July 13, 2001

Good morning. This morning things are gray and overcast outside, but the wind appears to have died down for the moment. Yesterday the rain was only intermittent, and the constant wind dried things out fairly quickly. When using the water guns in our garage, the wind can be more annoying than the rain, as it quickly evaporates water from your hands and chills you quickly.

Yesterday morning I spent some time sorting and wrapping specimens to be carried back with me. Given the selection one is confronted with after the mine has been in operation for a month and a half, one must be judicious least one's bags end up weighing a ton. I got around the problem to a small degree by mailing of a parcel from the post office in Stanhope. I always enjoy filling out customs forms when mailing specimens internationally. When it asks for the parcel contents, I always list "rocks". The postal clerks can never understand why someone would want to pay good money to mail such things. Who knows what the customs droids think.

Bill and Jonina spent another day in the garage cleaning and sorting specimens. I think with the two of them working, they are just about keeping up with deliveries from the mine. Unfortunately, Bill is going home on Saturday, but Jonina will be getting two teenage "apprentices" in a few weeks. Should keep things interesting around here….

Headed off to the mine around at 1400 to meet up with a collector friend of David Rennison's whom I had promised a tour of the mine. He was just getting off a stint of night shifts at work, and overslept a bit, but soon showed up with underground gear in hand. Took a brief tour underground, and I could tell that in all his collecting experiences here in Weardale, he had never seen so much fluorite exposed in one place. It is easy to forget the magnitude of what we've done here when compared to what even the most ardent individual collector can accomplish. But I guess that's what can happen when you throw a lot of money at something.

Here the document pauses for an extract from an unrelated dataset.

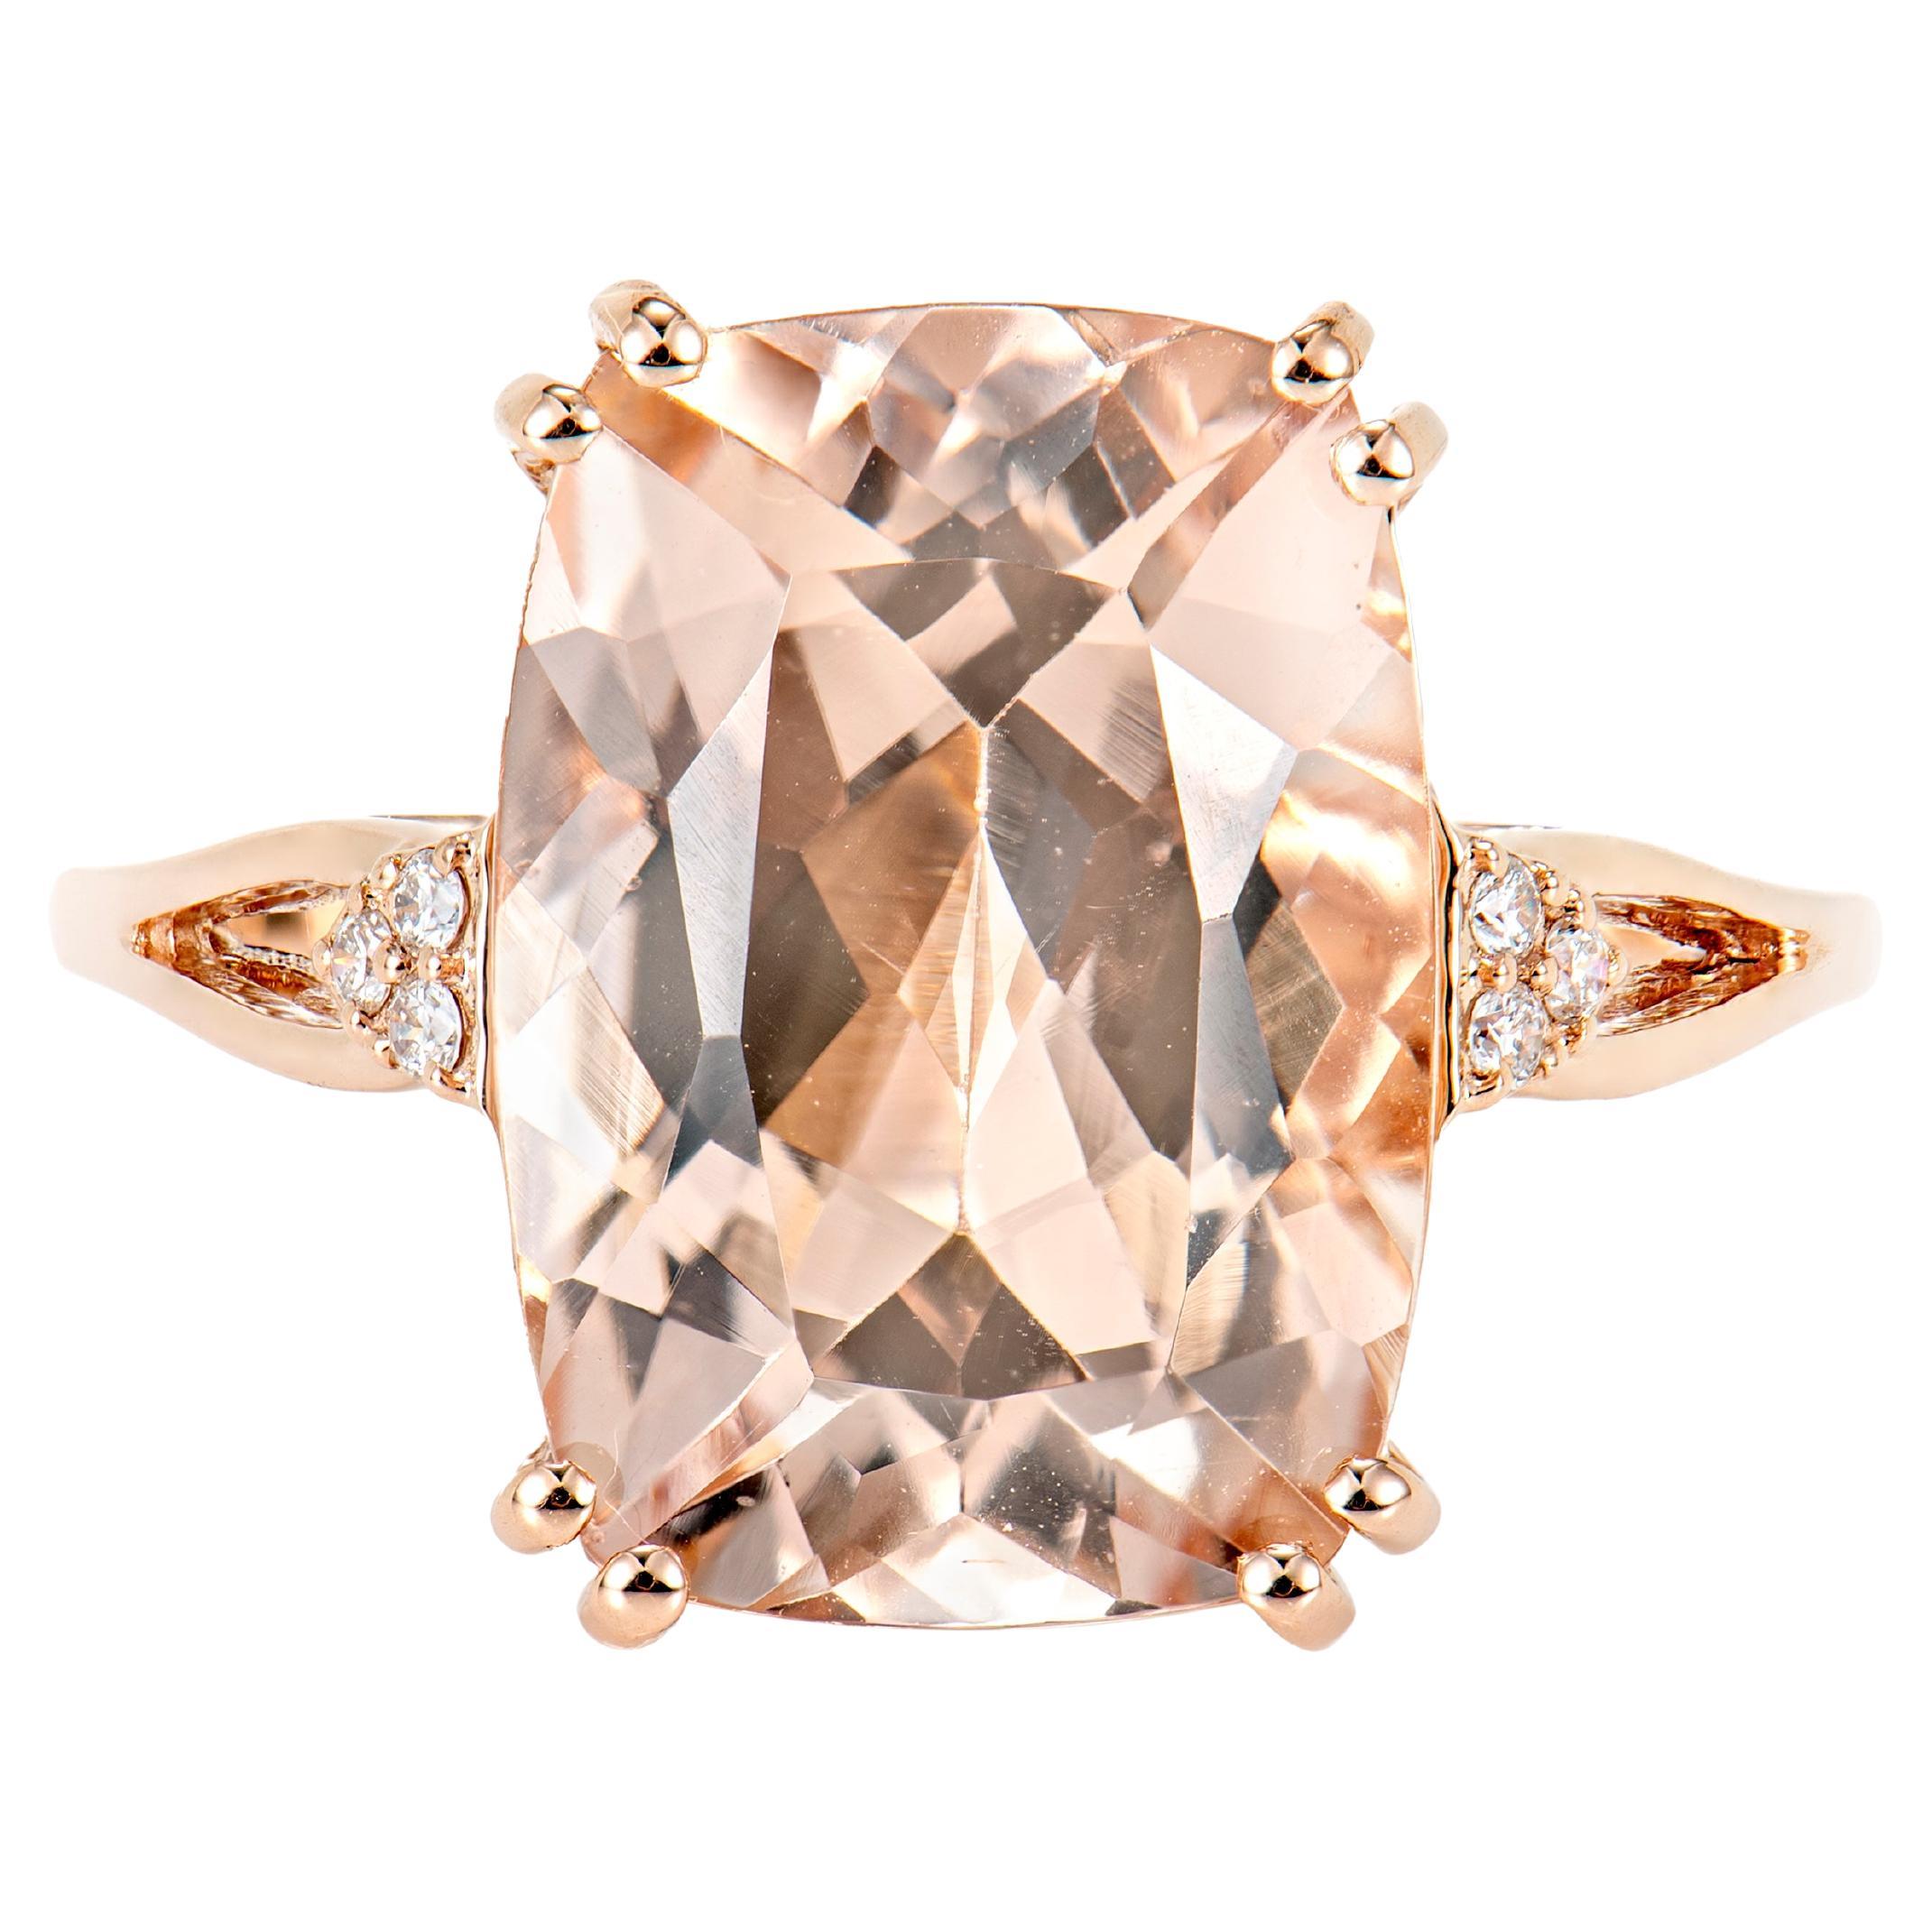 5.89 Carat Morganite Fancy Ring in 18Karat Rose Gold with White Diamond.  
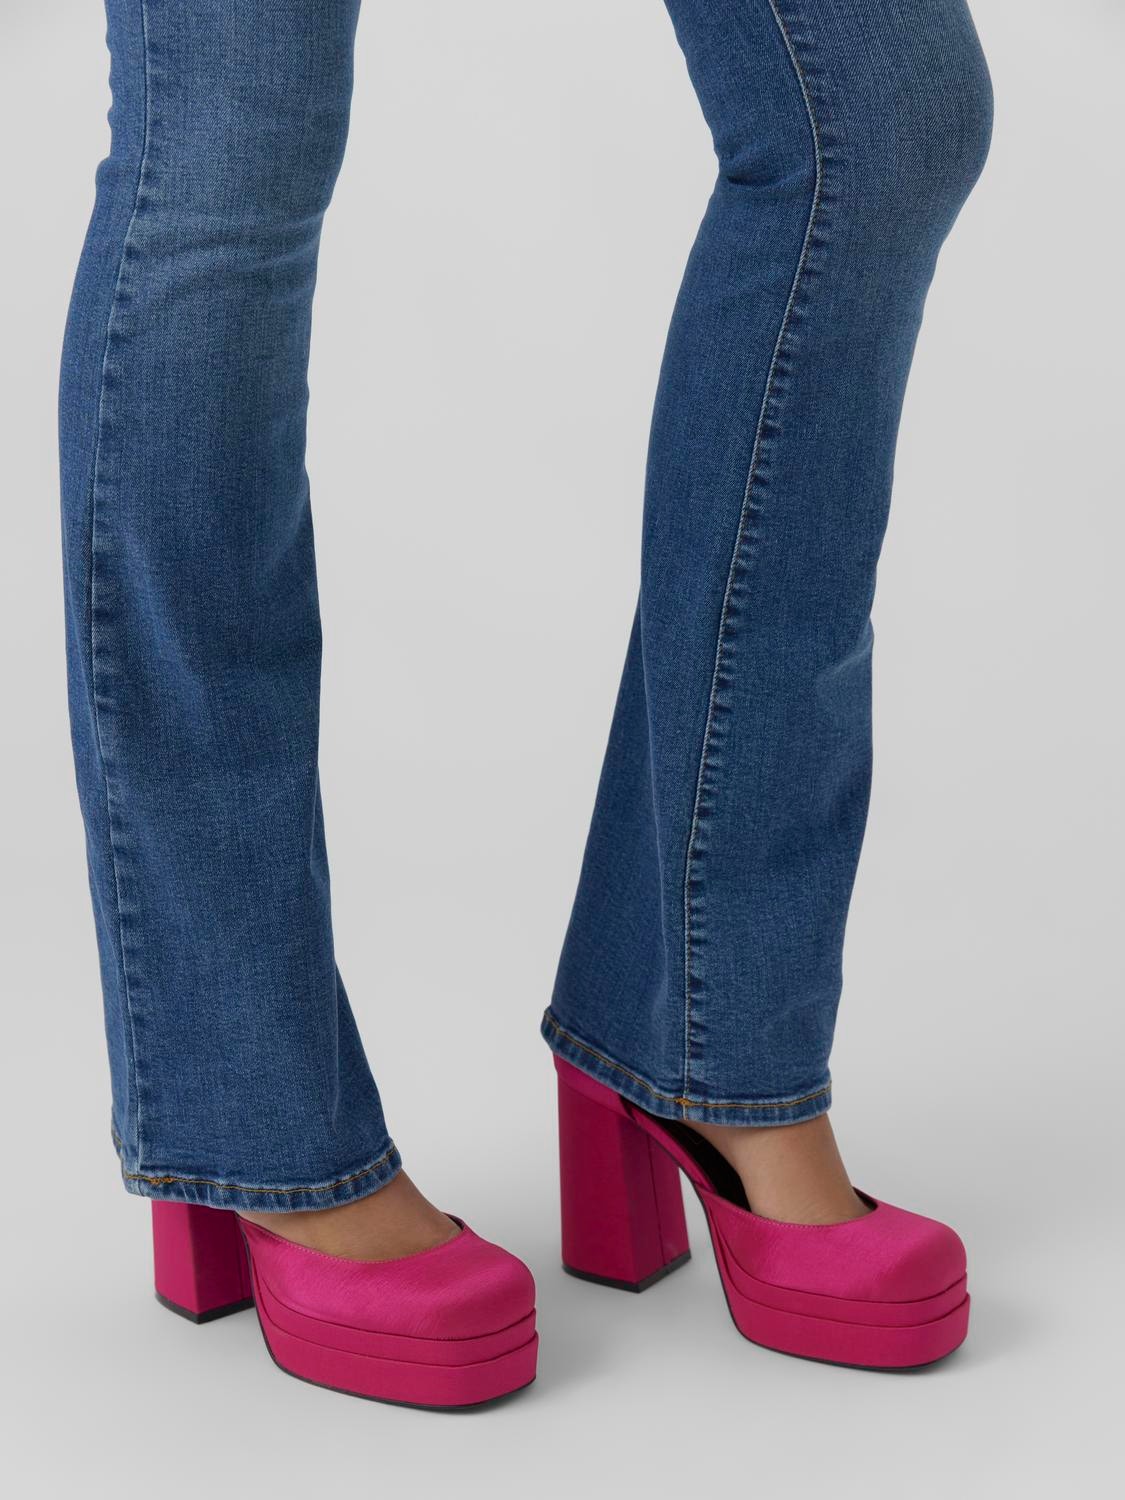 Vero Moda VMSIGA Utsvängd passform Jeans -Medium Blue Denim - 10279225

I let him collect for a bit at the east face, and went in search of Byron who had been collecting in the Solstice pocket. Found him busy at work in the pocket, and surrounded by more specimens. He showed off one - a fair sized rock with a covering on one side of some of the largest and gemmiest fluorite crystals I have seen from the pocket yet. He handed me out a few smaller ones and I took them outside to have a better look. Byron wandered out a couple minutes later and calmly announced that the roof of the pocket had collapsed. Fortunately, he had been able to scoot out of the way before anything came down. About that time Bill and Jonina showed up with the powder order, and we all wandered back in to have a look. Sure enough, there was a pile of rubble burying all the specimens Byron had collected - with the exception of the few I had just carried out.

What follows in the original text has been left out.